「日中友好」から「新しいバランス感覚」へ。国交正常化50周年にあえて考える“中国への向き合いかた”

「中国の台頭と向き合うときに、日中友好時代のバランス感覚で挑んではいけない」(東京大学の佐橋亮・准教授)

時の内閣総理大臣・田中角栄と中国の首相・周恩来の署名により、日本と中国の間に国交が結ばれたのは1972年9月のことだ。上野動物園には2頭のパンダが贈られ、列島は中国ブームに沸いた。

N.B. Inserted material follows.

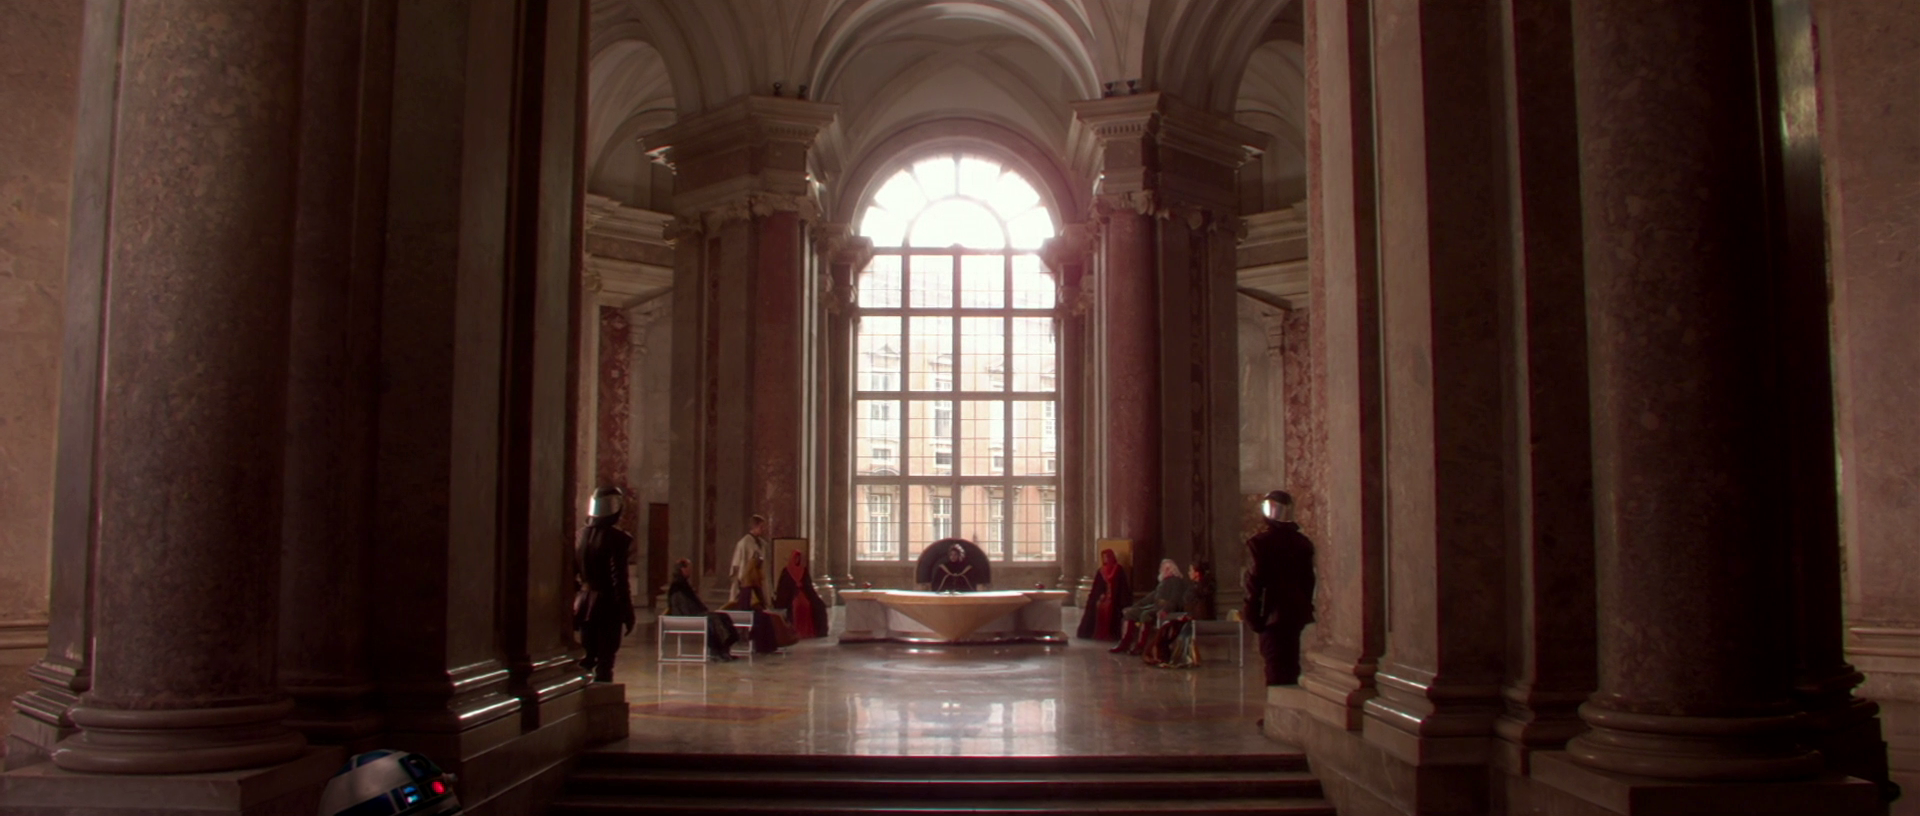 The "Royal Palace of Caserta" in Theed

あれから50年の節目となる2022年。かつてのような友好ムードは感じられない。

中国は力をつけ、国際秩序への挑戦者となった。日本はアメリカの同盟国として、バイデン政権が形作ろうとする「対中包囲網」の中で大きな役割が期待される。

「米中対立」が盛んに叫ばれるなかで、日本のポジションは定まってきたようにも見える。

しかし、米中対立などに詳しい東京大学の佐橋亮・准教授(国際政治)が提唱するのは、また違った日本外交のあり方だ。

日中国交正常化50周年であり、参議院議員選挙を控えた今、日本が持つべき外交の羅針盤は何か。話を聞いた。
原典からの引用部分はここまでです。